Tax incentives – do they work? The answer to that question depends not only on whom you ask, but also on how you define success.
For producers, tax incentives ‘work’ when they help get a film financed and made -- in a location that works creatively and logistically for the film.
For craft professionals, an incentive system that ‘works’ means just that – it helps them get work (and hopefully ‘good’ work in terms of both pay and creative satisfaction).
For a local or national economy, tax incentives can be deemed successful if they bring in more revenue than they pay out to attract that revenue – which can be highly contentious and surprisingly difficult to measure.
(Here is a good description – from outside the industry -- of how politically contentious that processes can be in the U.S.).
There are also the ancillary businesses that can accrue to an economy from the presence of the film industry. (New Zealand’s big budget gamble on tying the tourism industry into the Hobbit franchise is a high profile example, but regional film boards the world over deal with this on a smaller scale.)
For a community or society, tax incentives can serve the aim of fostering local talent and local creative voices. In countries with the means, this can be the most important desired result of an incentives system.
But not surprisingly, these goals aren’t always in alignment.
It’s likely that in most cases the attraction of big budget Hollywood/international productions support the technical betterment of local craft professionals.
But when it comes to supporting local creative voices, do such productions create a trickle-down effect? Or simply homogenize the art form and raise the cost of filmmaking to a level that crowds out independent producers working on projects with locally specific content?

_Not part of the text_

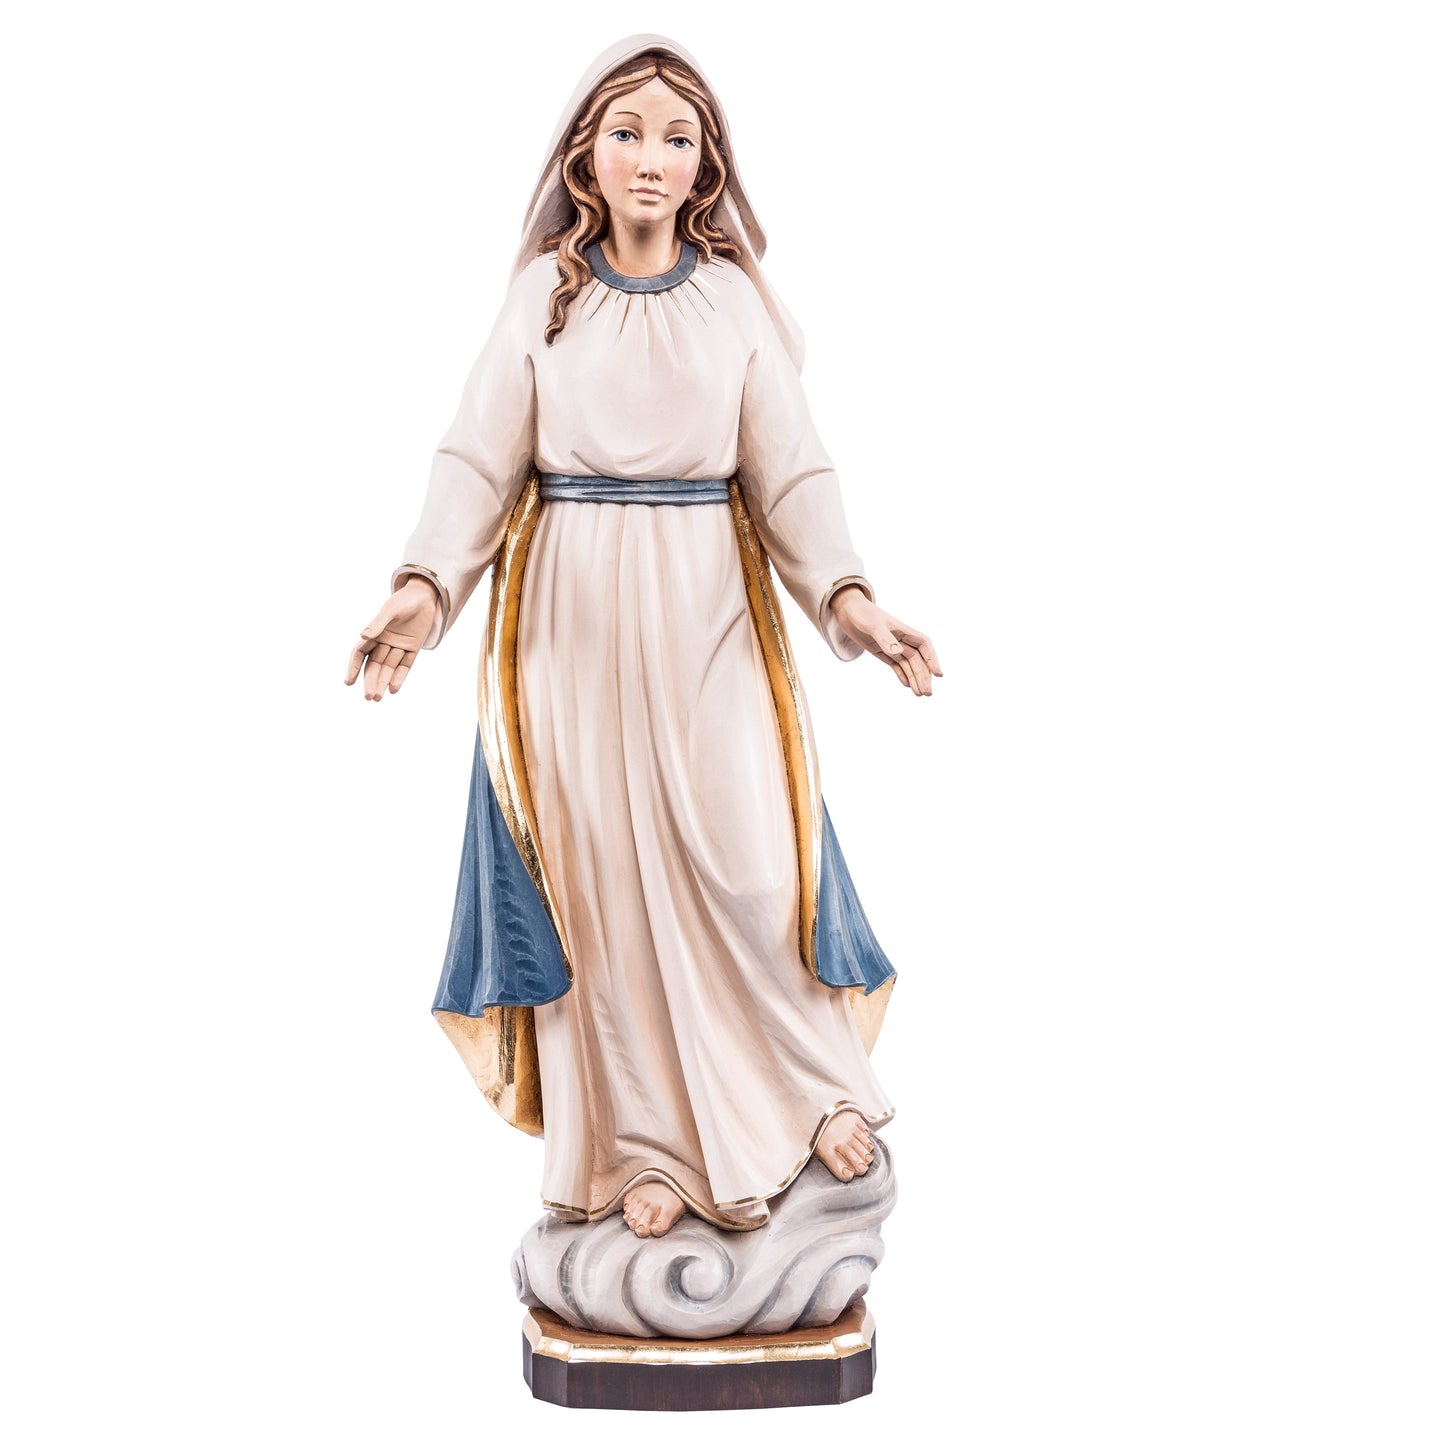 MONDO CATTOLICO Colored / 10 cm (3.9 in) Wooden statue of Our Lady of Grace

I am particularly interested in the ways that this dynamic is playing out in emerging economies and emerging film industries. Next week I’ll be traveling to the Durban FilmMart in South Africa. South Africa is fertile terrain for these questions because it has an active national funder, an incentives structure at least partly geared towards attracting big money studio films, and a sometimes uncomfortable co-existence between government-funded local talent initiatives, big-budget international films, and local films made and distributed on shoestring budgets.